From the line containing "Demonstrating Safe Autonomous" to the line containing "Luiz Inácio Lula" in the records below, set down every line exactly as it stands, both ends included, and skip the pictures.

▸ DATASET CONTENT:

════════════════

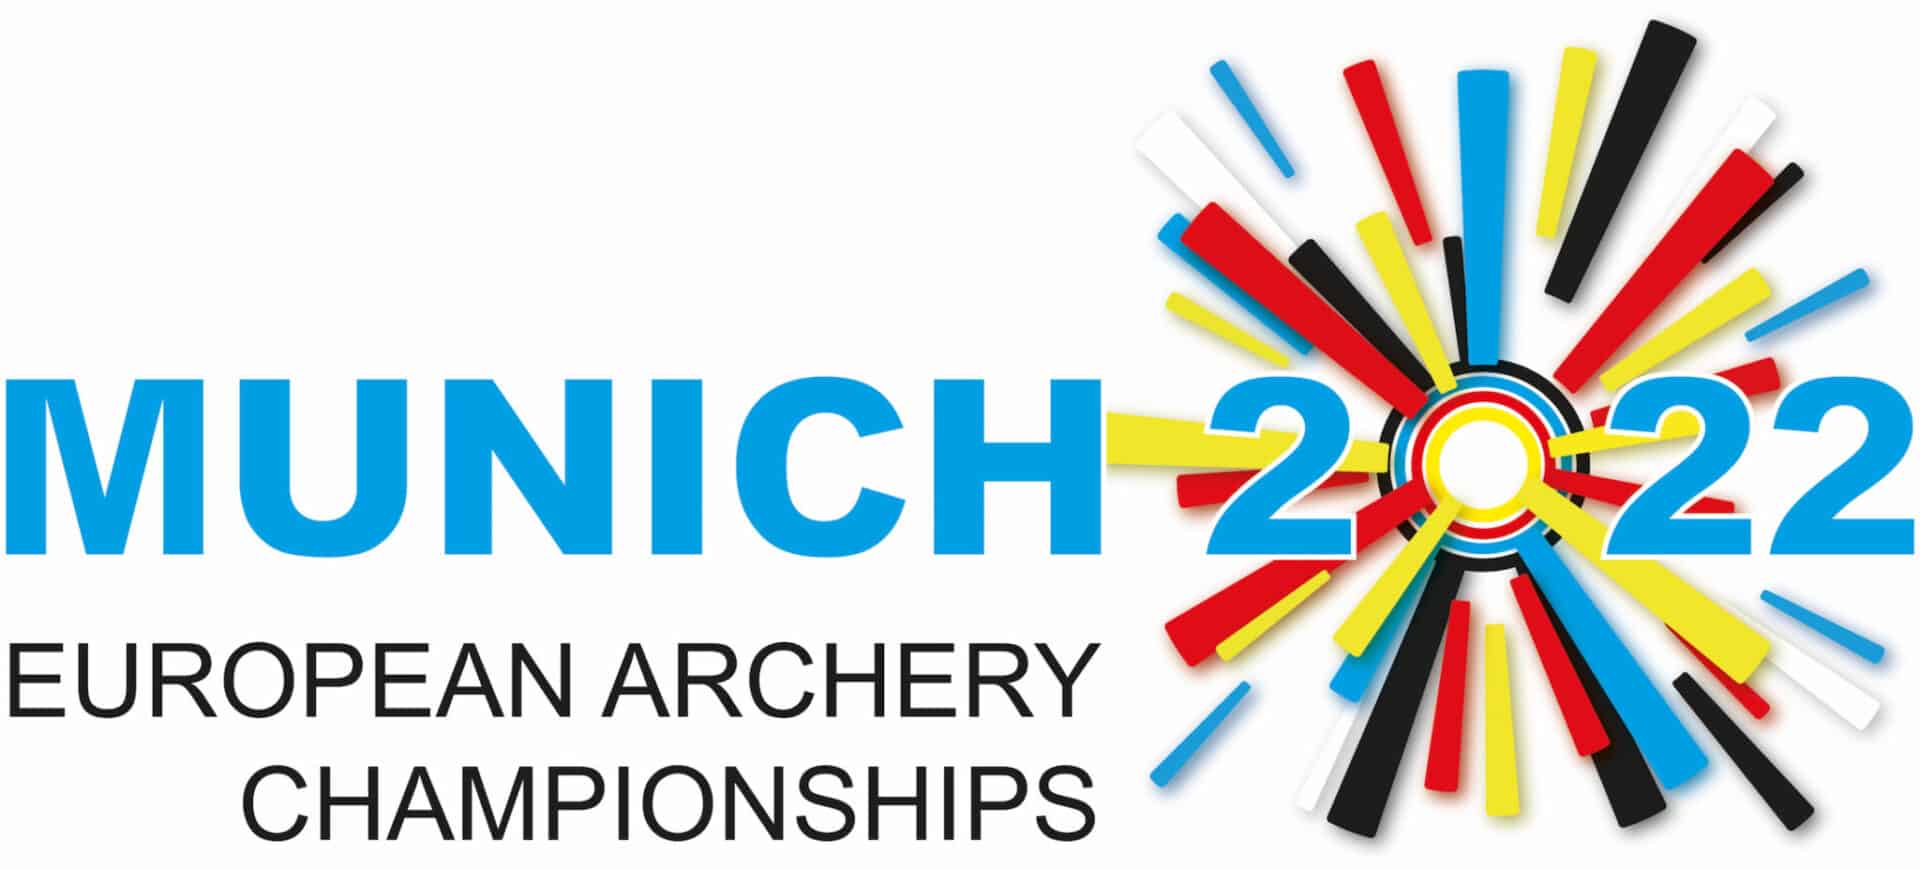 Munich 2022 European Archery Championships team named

════════════════

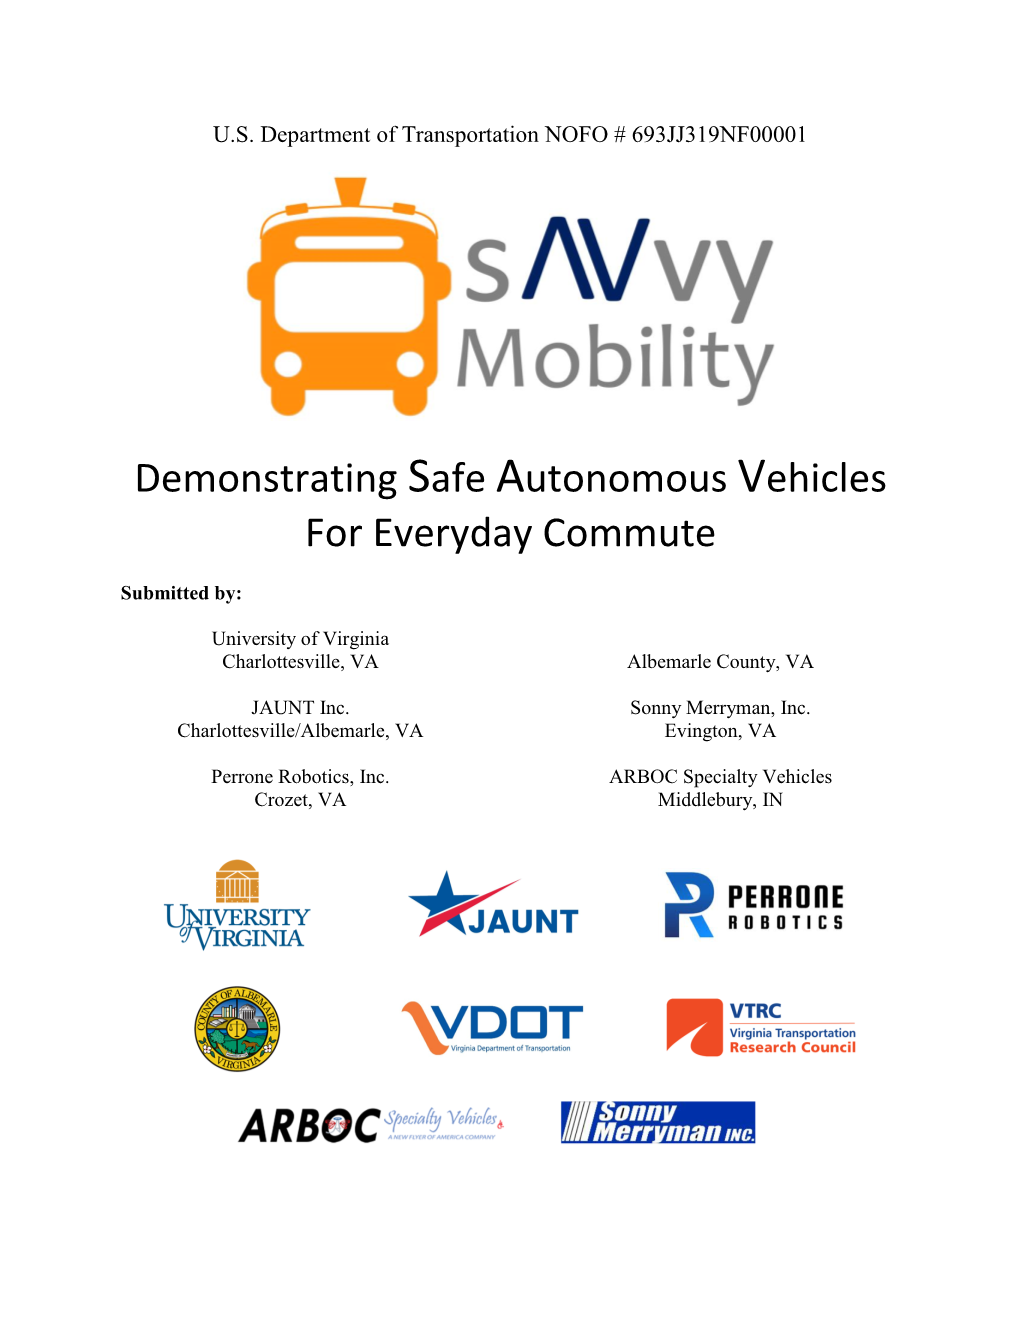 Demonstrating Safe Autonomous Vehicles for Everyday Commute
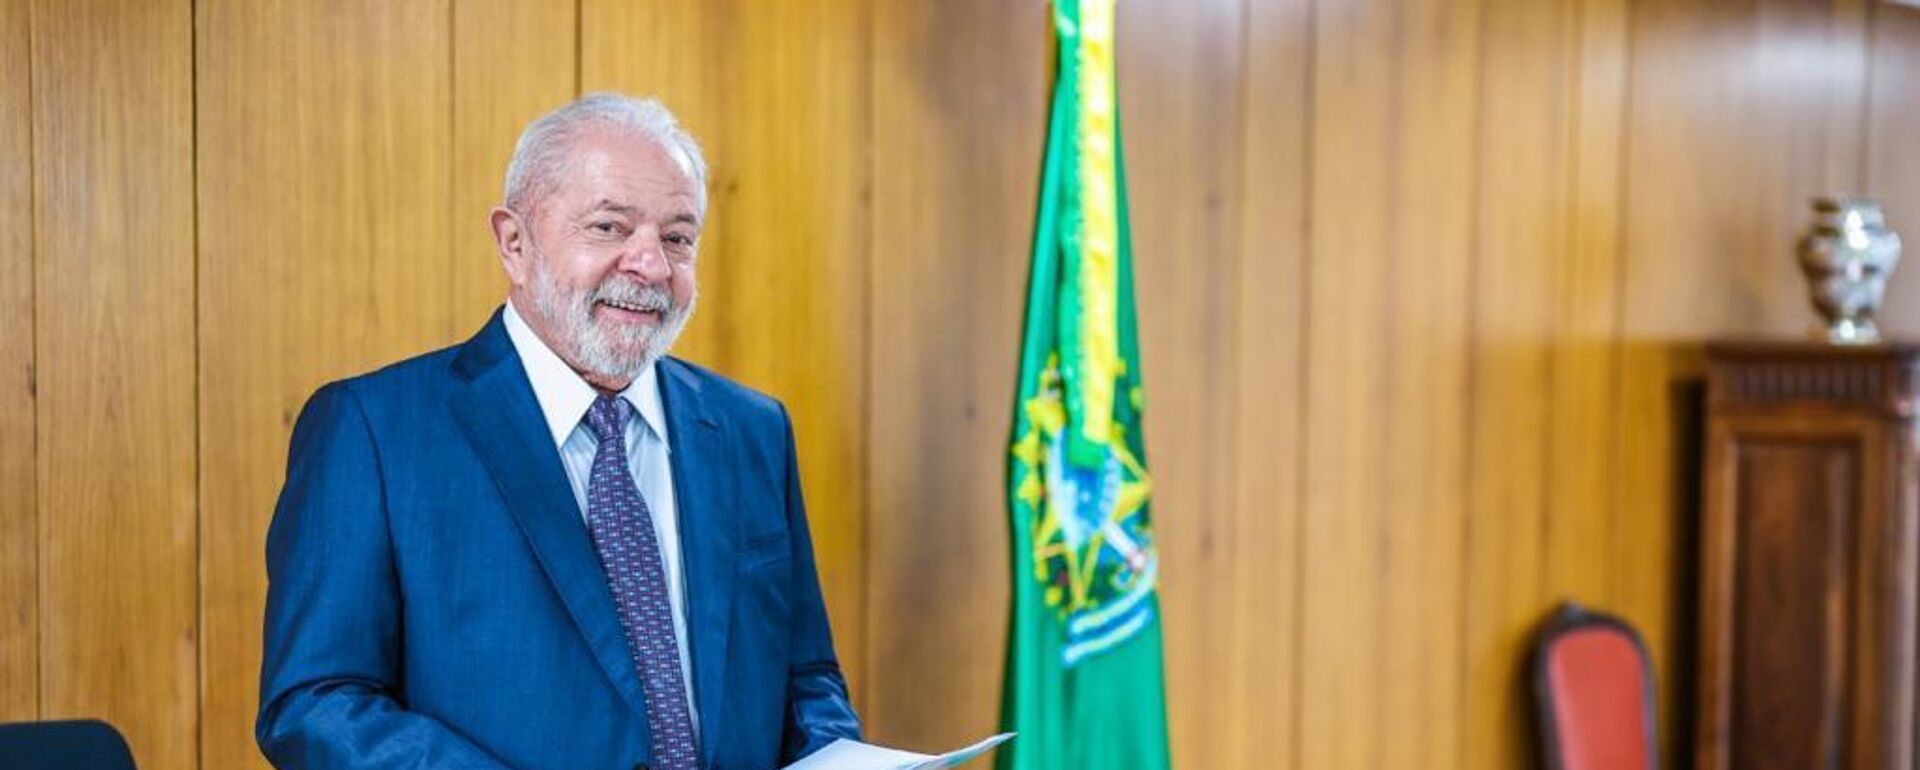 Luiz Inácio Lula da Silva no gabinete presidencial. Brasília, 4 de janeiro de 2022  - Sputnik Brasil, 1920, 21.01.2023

════════════════

▸ WRITTEN SOLUTION:
 Demonstrating Safe Autonomous Vehicles for Everyday Commute
 Luiz Inácio Lula da Silva no gabinete presidencial. Brasília, 4 de janeiro de 2022  - Sputnik Brasil, 1920, 21.01.2023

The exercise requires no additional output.